Against this background, the U.S. dollar has gained 4.3% over the year and 3.0% over the quarter. However, it has depreciated slightly in terms of average exchange rates. The currency’s year-on-year impact on the Group’s financial statements is positive on the balance sheet and on business activity, but slightly negative on the income statement. To assist in the understanding of the business figures, the percentage rates given below refer to constant exchange rates, unless otherwise indicated.

With respect to the country’s financial sector, the health of the banking system continues to improve. The number of banks experiencing problems has dropped. The asset quality of consumer and corporate lending has returned to pre-recession levels, while mortgage defaults remain at rates above 10%. Overall, the NPA ratio at the end of 2012 stood at 4.8%, the lowest figure in the last four years. Despite the low interest rates, bank earnings have improved due to higher non-financial income, lower operating expenses and lower provisions.

Most banks consider future growth will be in increased lending, above all lending to corporates and auto loans, and to a lesser extent in the commercial real estate portfolio and credit cards. The trend in mortgage loans, however, appears to be more difficult to predict.

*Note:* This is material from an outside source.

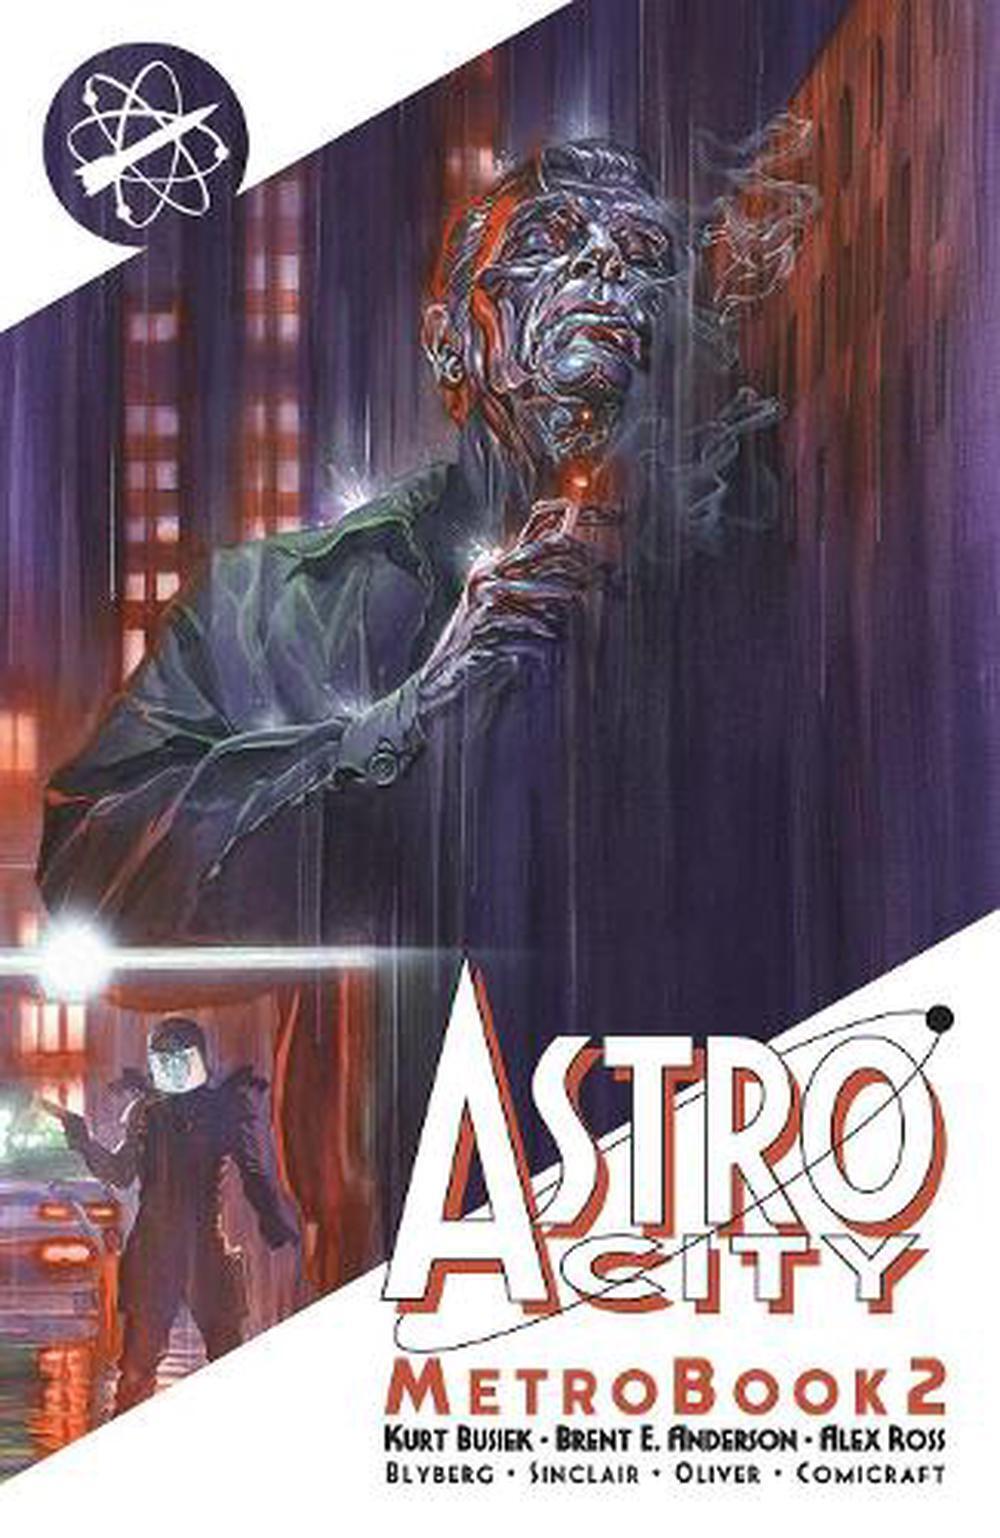 Astro City Metrobook, Volume 2 by Kurt Busiek (English) Paperback Book

The results of the Federal Reserve’s Comprehensive Capital Analysis and Review (CCAR) process were announced in the first quarter. The CCAR is an annual exercise aimed at making sure financial institutions have strong capital and planning processes that account for risk and capital adequacy under stress scenarios. Since most banks have received no objections to the plans submitted, analysts are projecting a profitability of over USD 45,000m in dividends and share buy-backs over the next year.